• **TASK TO CARRY OUT**
Retype the data below verbatim; pictures do not belong in the copy.

• **SOURCE DATA**
◇ ◇ ◇ ◇
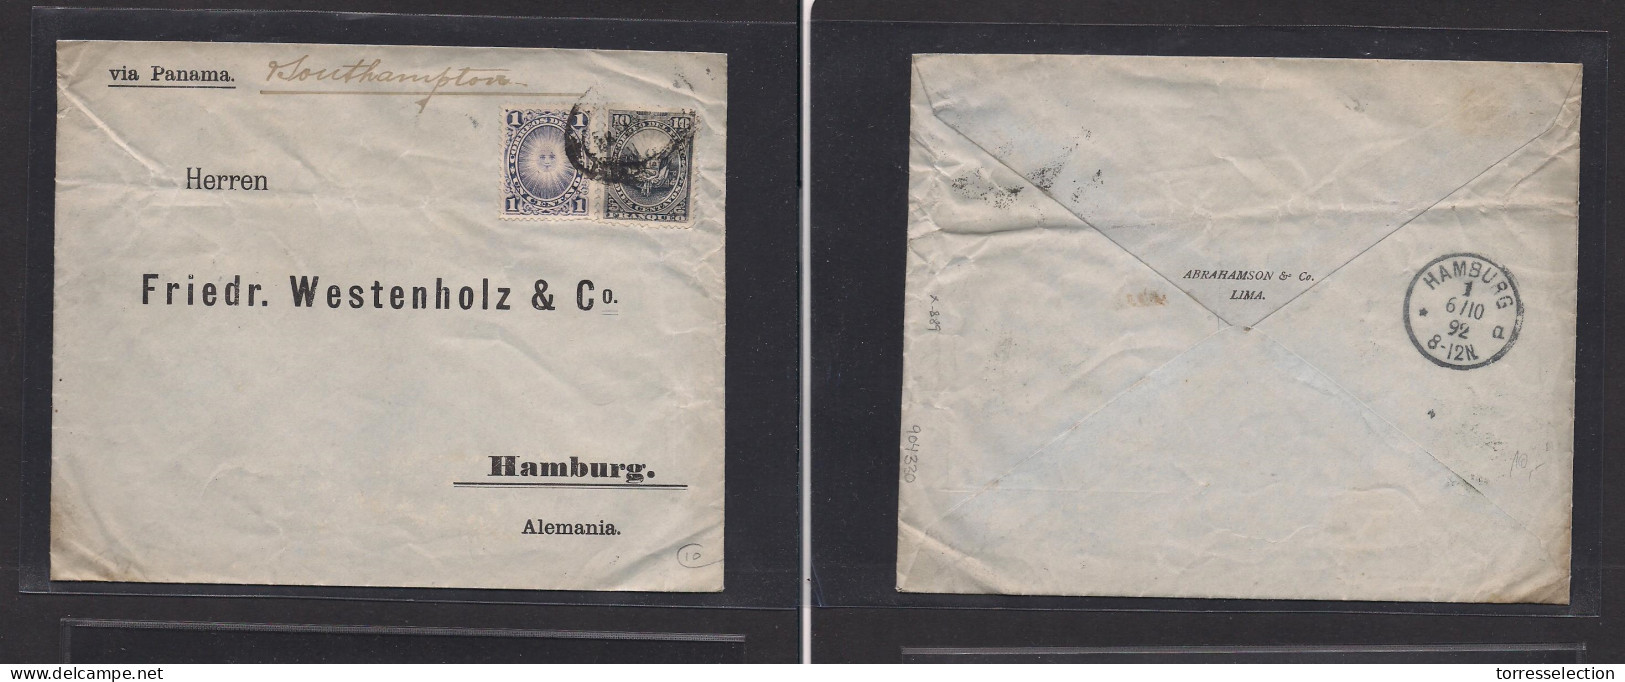 PERU. Peru - Cover - 1892 Lima To Hamburg Germany Fkd Env 11c Rate Via Panama Southampton. Easy Deal. XSALE. - Pérou
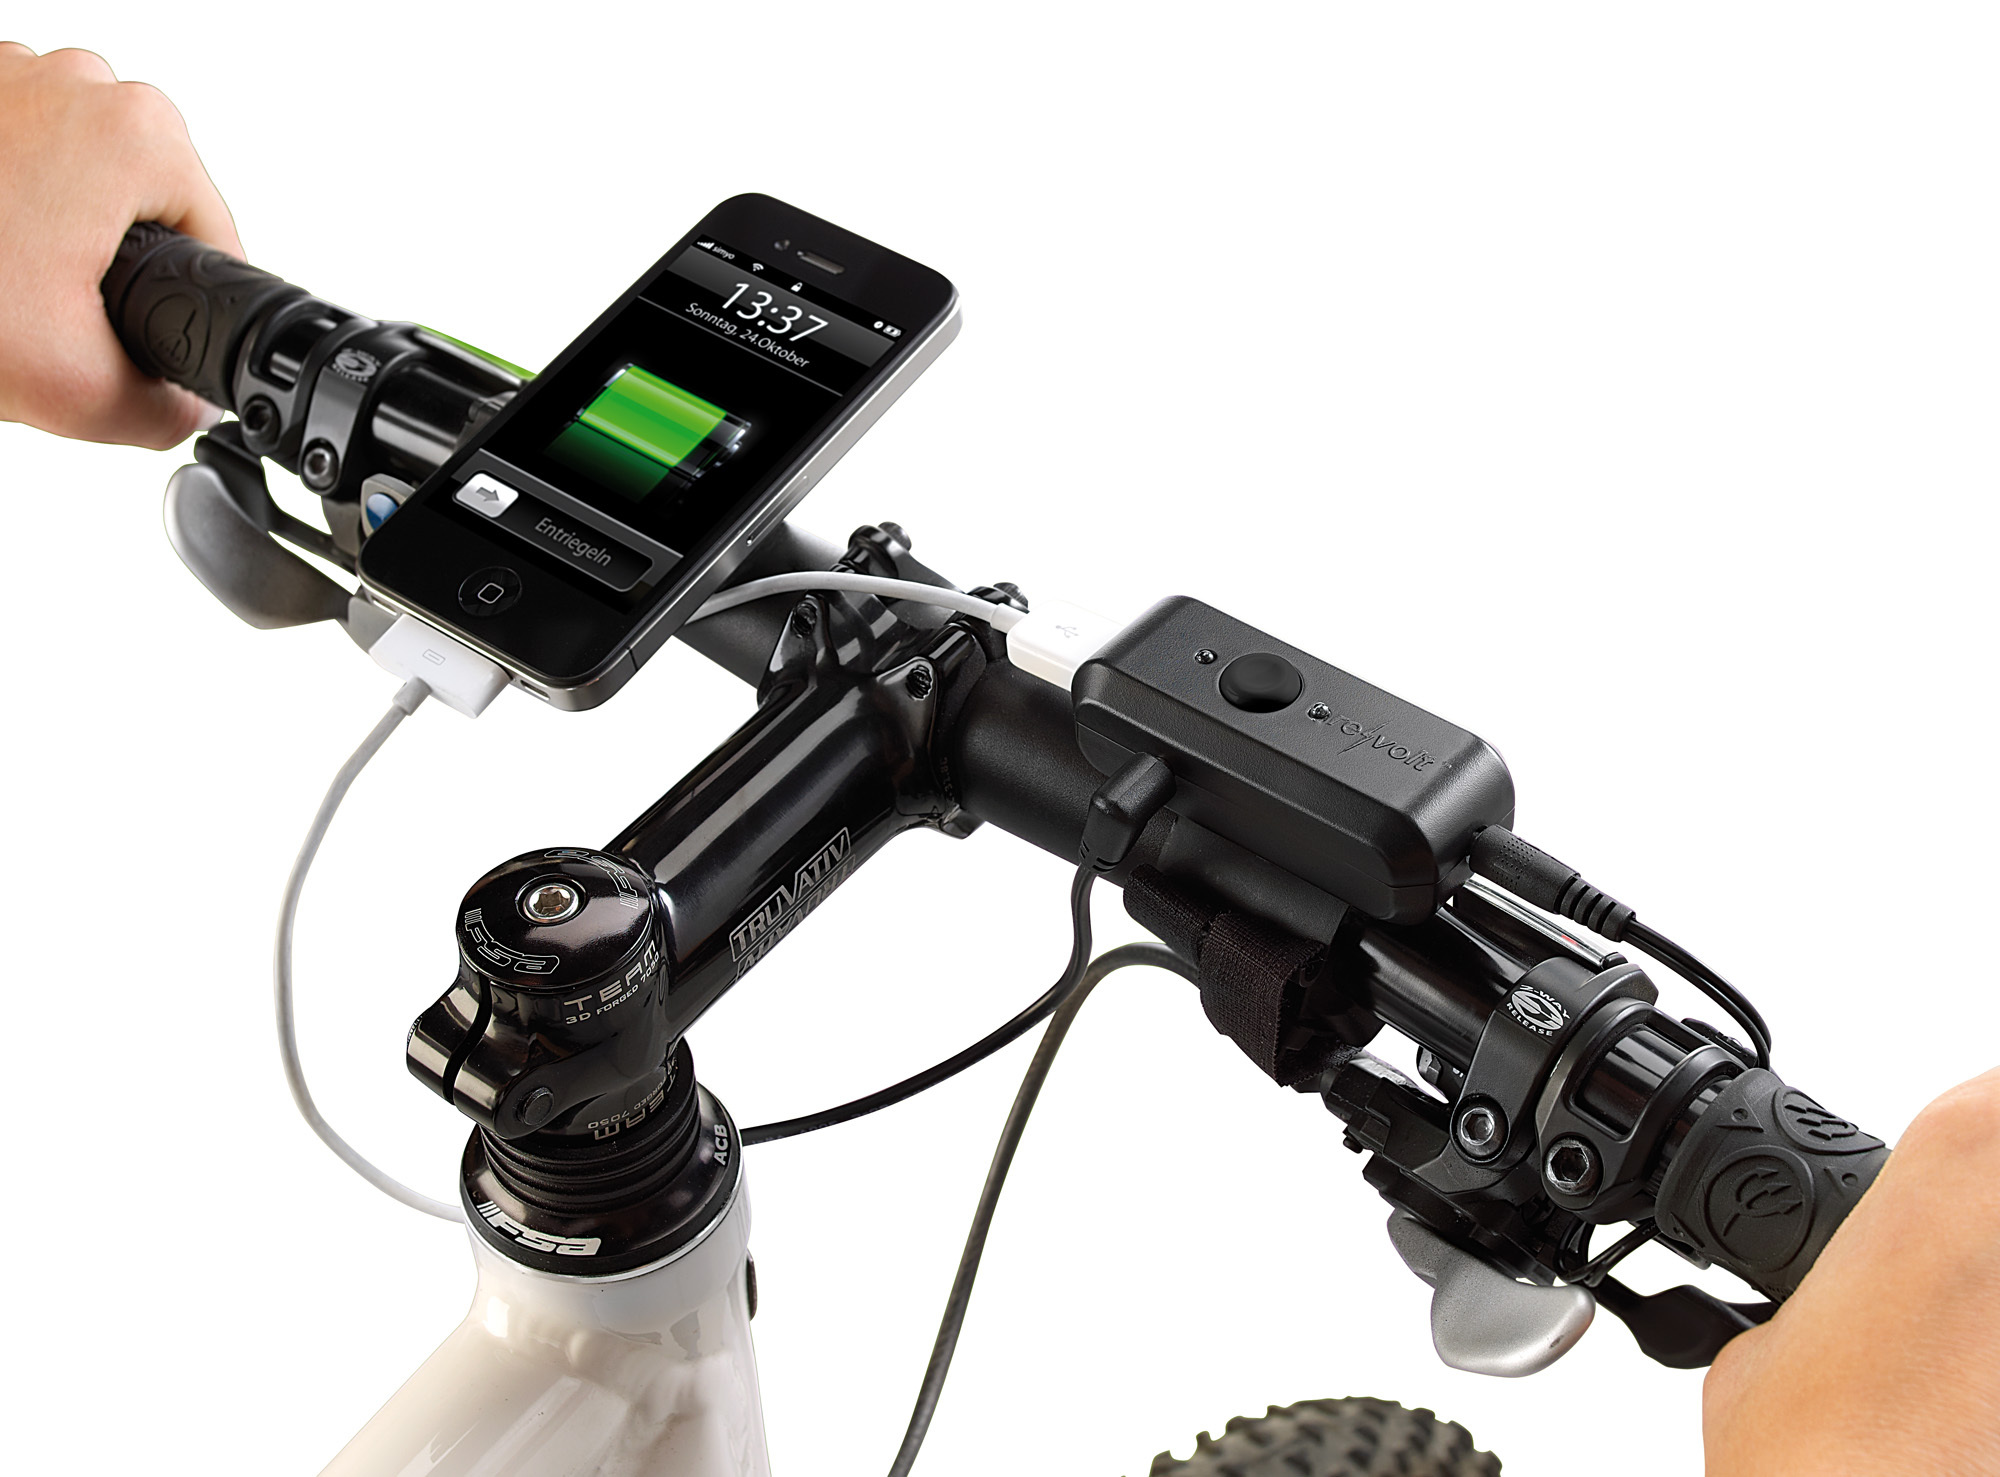 Fahrrad Ladegerät Für Iphone
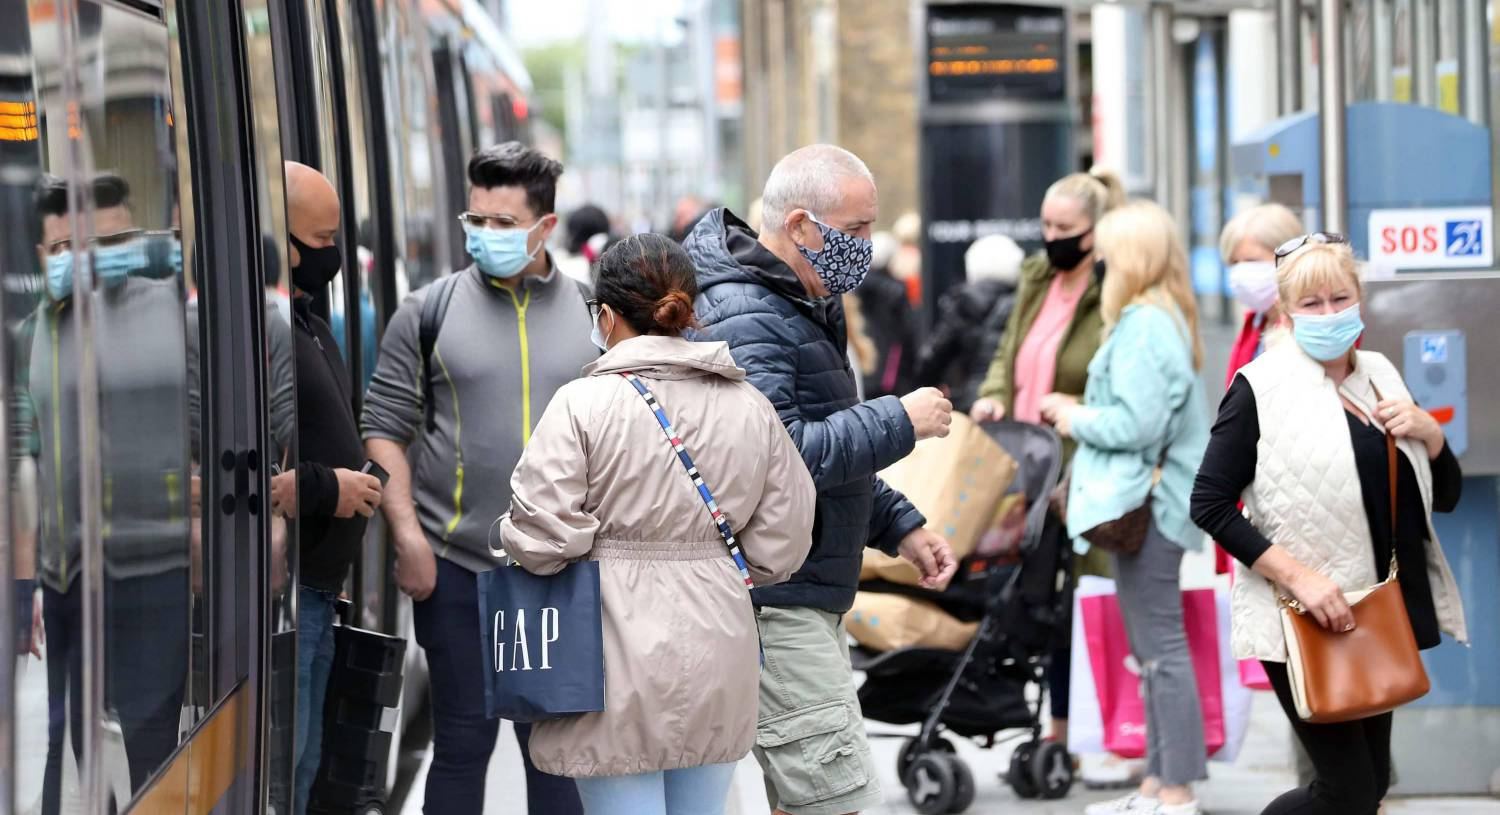 Wearing mask on public transport becomes mandatory in Ireland
◇ ◇ ◇ ◇
• **SOLVED EXERCISE**
 PERU. Peru - Cover - 1892 Lima To Hamburg Germany Fkd Env 11c Rate Via Panama Southampton. Easy Deal. XSALE. - Pérou
 Fahrrad Ladegerät Für Iphone
 Wearing mask on public transport becomes mandatory in Ireland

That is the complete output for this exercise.